3. For what value of A the function Ax²is normalized for 0 ≤ x ≤ 1
4. Find equivalent operator for (A+B)² if the operators A and B commute.
5. Show that [x, d/dx] = -1.
6. How will you apply Born-Oppenheimer approximation to simplify the Hamiltonian for H₂⁺?
7. Account for the origin of the fine structure of the emission spectrum of sodium vapor.
8. State the variation theorem.
9. Prove that the operation S₆³ is equivalent to an inversion operation.
10. What are proper and improper axes of rotation? Give an example for each.

Part-B

Answer any EIGHT questions (8 x 5 = 40)

11. Define Hermitian operator. Give an example.
12. Calculate the wave length of π →π* transition in 1, 3, 5-Hexatriene (C-C and C=C distances are 1.54 and 1.33 Ả , respectively).
13. The inter nuclear distance of D₂ is 0.74Ả. Determine its rotational constant in cm^-1.
14. Get the following normalized polynomial functions:

(i) P₀⁰(cosθ)          (ii) P₁⁰(cosθ)

15. Set up the Hamiltonian for a simple harmonic oscillator
16. Show that [L²,L_x] = 0. Mention its significance.
17. Explain the importance of the integrals H_AAand H_BB obtained for the lowest energy of H₂⁺using LCAO method.
18. Find the radius of the shell where there is a maximum probability of finding the electron. Given: The probability, P = 4πr²e^-2ar.

 

 

 

19. The term symbol of a particular atomic state is ⁶S_5/2. Suggest a possible electronic configuration.
20. Obtain the Pauli antisymmetric wave function for the excited state He atom.
21. Identify the point groups of biphenyl and chloroform molecules mentioning their symmetry elements and operations.
22. The order and the classes of a molecule are 20 and 8 respectively. Identify the number and the dimensions of the irreducible representations.

 

 

 

Part-C

Answer any FOUR questions (4 x 10 = 40)

23. (a) Write expressions for the third levels for Ψ_nand E_n for a particle in 3D

box.

(b) Draw the MO diagram for the π-electrons in 1, 3-butadienyl anion radical.

24. Set up the Schrodinger equation for a rigid rotor and hence solve for its energy and wave function.
25. (a) Define the following.

• Hermite equation
• Hermite polynomials
• Get the normalized functions for the simple harmonic oscillator for its third vibrational level.

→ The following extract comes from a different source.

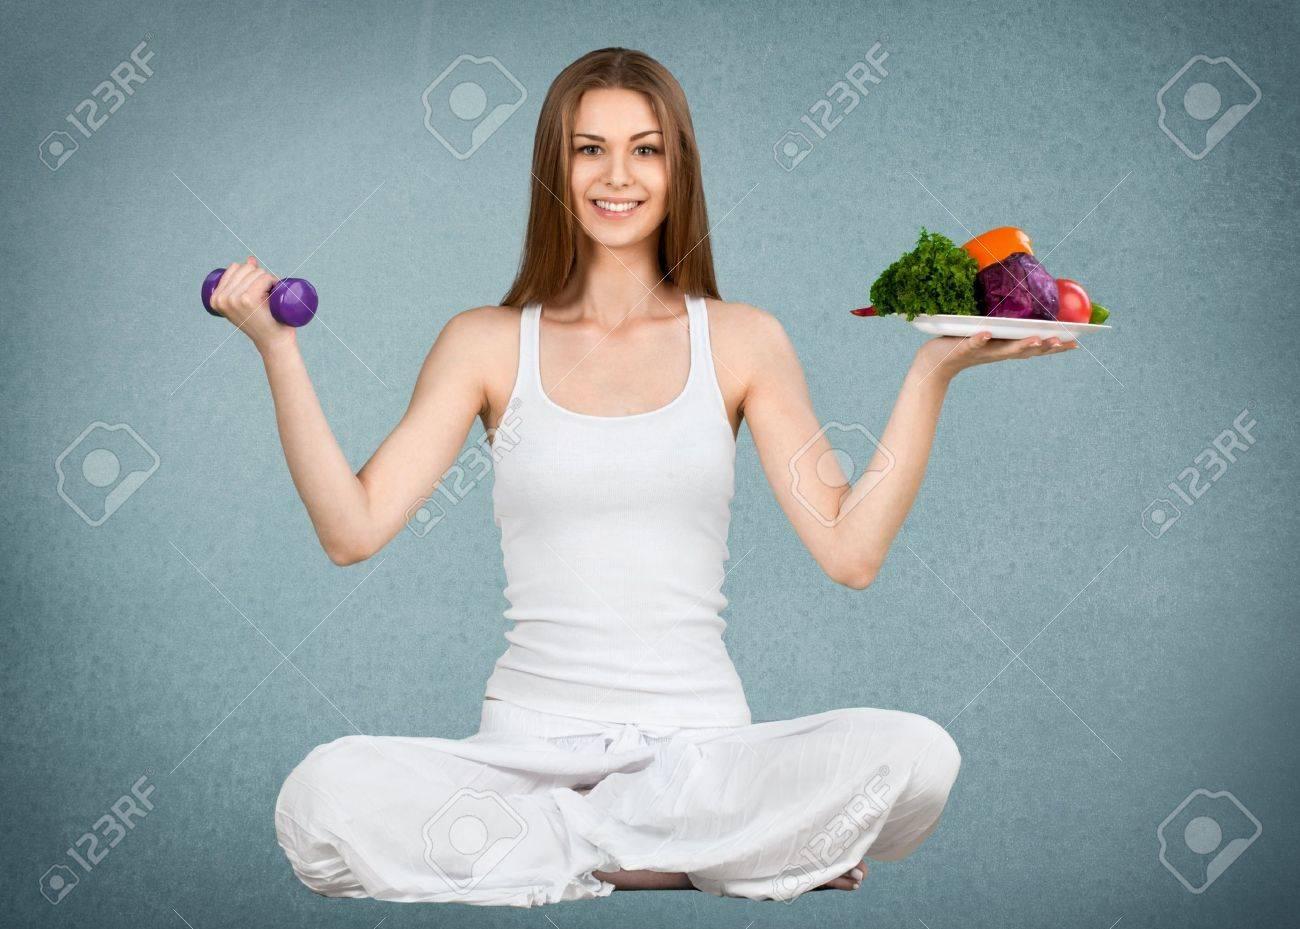 Exercising. - 43836136

26. (a) Show that for anhydrogen like atom, in its ground state, the average distance of the electron from the nucleus is 3/2 times the most probable distance. Given: Ψ_1s = 1/(π)^1/2(Z/a₀)^3/2exp(-Zr/a_o).

(b)  Highlight the features that distinguish the Huckel method from other LCAO methods.

27. (a) Obtain the value of [x, H]. Mention its significance.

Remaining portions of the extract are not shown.